Genome editing will save the life of a leukemia girl for the first time in the world

It is said that the latest technology called "human beings have stepped into the realm of God" that gene selection can be made with much higher precision than conventional gene recombination technology is "Genome editing"is. Genomic editing is rapidly spreading application to animals and plants, but the application to human beings has not yet been decided rules, the stage where careful discussion is repeated. However, a case in which treatment using this genome editing saved the life of a leukemia girl has been reported from the UK.

Gene editing saves girl dying from leukaemia in world first | New Scientist
https://www.newscientist.com/article/dn28454-gene-editing-saves-life-of-girl-dying-from-leukaemia-in-world-first/


Leila, a hospital in the UK, who was an infant three months oldAcute lymphocytic leukemiaIt was diagnosed as.

Acute lymphocytic leukemia is a kind of blood cancer and it is a disease that is common in children.
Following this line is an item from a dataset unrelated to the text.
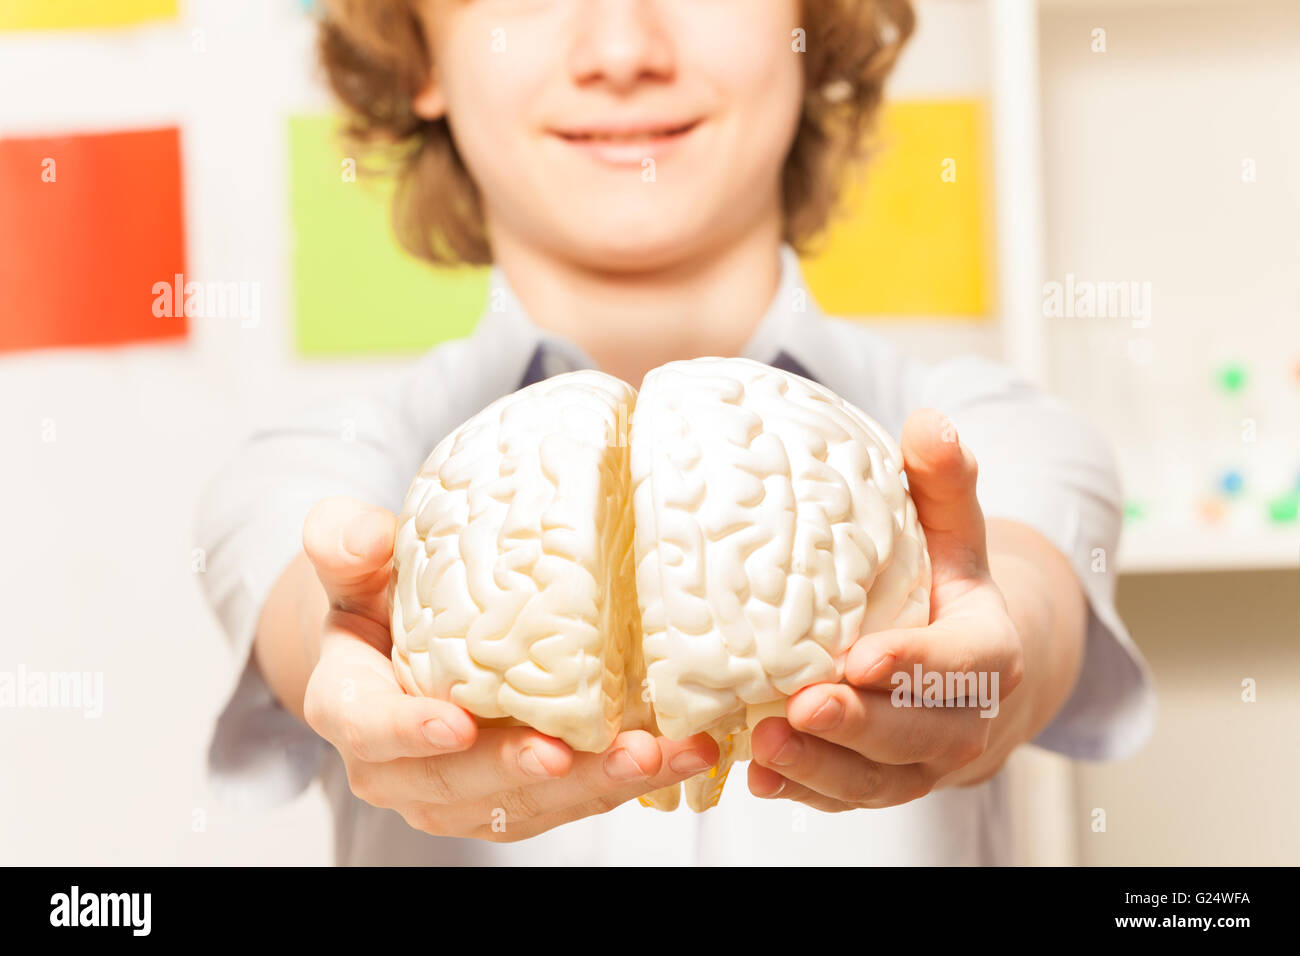 Smiling boy holding cerebrum model at his hands Stock Photo

In the bone marrow, various blood cells are produced from the cell which becomes the seed of the blood cell called "hematopoietic stem cell", but this occurs abnormally in the process of differentiation into lymphocytes, the cell stops growing and it is in the bone marrow It is acute lymphocytic leukemia that proliferate, occupy the bone marrow and normal blood cells are not made.

After the symptoms were discovered, Ms. Leila immediately wrote "Great Ormond Street Hospital(GOSH) "and received standard chemotherapy. This "standard chemotherapy" was a cure that bone marrow transplantation returned the immune system to normal. "In the case of children older than Layla, the success rate of bone marrow transplantation increases," said Sujith Samarasinghe, who worked as a specialist in leukemia at GOSH and is also Layla's doctor. However, in the case of infants shortly after birth like Reira, the cure rate seems to be only about 25%, unfortunately, despite performing bone marrow transplantation, Layla's leukemia is not cured It was.


GOSH will immediately challenge the second bone marrow transplant surgery despite failure to treat bone marrow transplant once. The second surgery was to transplant the immune cells obtained from the donor to Mr. Leila's bone marrow and to have the immune cells attack and remove the cancer cells. However, leukemia recurs again in 2 months after surgery, and the second treatment also fails. "Usually when you come this far, it is a desperate situation," Paul Veys, the head of the GOSH bone marrow transplant surgery team. "But we could not give up on our daughter's life, so I grabbed the doctor to try anything," Lisa, Mr. Leila's mother.

Therefore, the bone marrow transplant surgery team is conducting gene therapy research at University College LondonWaseem Qasim's Research GroupI will inquire as to whether there is any treatment by mail.

If one of immune cells "T cellsIf it is injected into another patient and not completely harmonized, the T cell will attack the cell inside the patient's body as an enemy. If it is possible to suppress even this reaction, T cell can be a wonderful means of rescuing a patient who has abnormality in the immune system such as leukemia, so Qasim uses genetic manipulation technique called "genome editing" I was conducting research to delete only the "gene that recognizes other cells as enemies" of T cells received from the donor.

In conventional genetic recombination technology, we could only add genes to DNA, but "genome editing" has made it possible to manipulate genes with higher precision. If you read the following article you can tell what kind of technology "genome editing" is.

What technology is "genome editing" in God's domain that can freely design genes and change the characteristics of living things? - GIGAZINE


When the Qasim team got in touch from the bone marrow transplant team of GOSH, Qasim is the AmericanCellectisIt was said that it was at the stage of doing a mouse experiment of genome-edited T cell "UCART 19" developed in cooperation. "I was worried because the treatment with UCART 19 was not yet done for humans but we wanted you to try that treatment and I did not have any question because Layla It is because I was suffering from sickness so much and I had a need to do something, "Ashley, Leila's father says.

Following these circumstances, Ms. Leila underwent surgery to transplant the T cell "UCART 19" produced by genome editing into the bone marrow. This surgery seems to be the second case where genomic edited cells were used, and in the first case it was transplanted genome-edited T cells into HIV patients.

It was confirmed that within 1 month after surgery, T cells removed all cancer cells from Leila's bone marrow. After 3 months after surgery, a second bone marrow transplant is performed to restore the immune system. In this transplantation, Heira introduced healthy immune cells in the body of Layla and removed UCART 19 that entered the body by the first surgery. So, there are no genetically modified cells in the body of Layla at the moment. However, it is a case that cancer cells are not detected even after 1 or 2 years from surgery, so it will be possible to declare that it has cured completely, so that the inspection will be repeated periodically until then.

Although it is still premature to say "Successful treatment", Layla seems to be recovering smoothly.


Cellectis will start clinical trials of treatment using UCART 19 from 2016. Qasim is scheduled to be held in Florida in December 2015American Society of HematologyWe plan to announce the results of our research.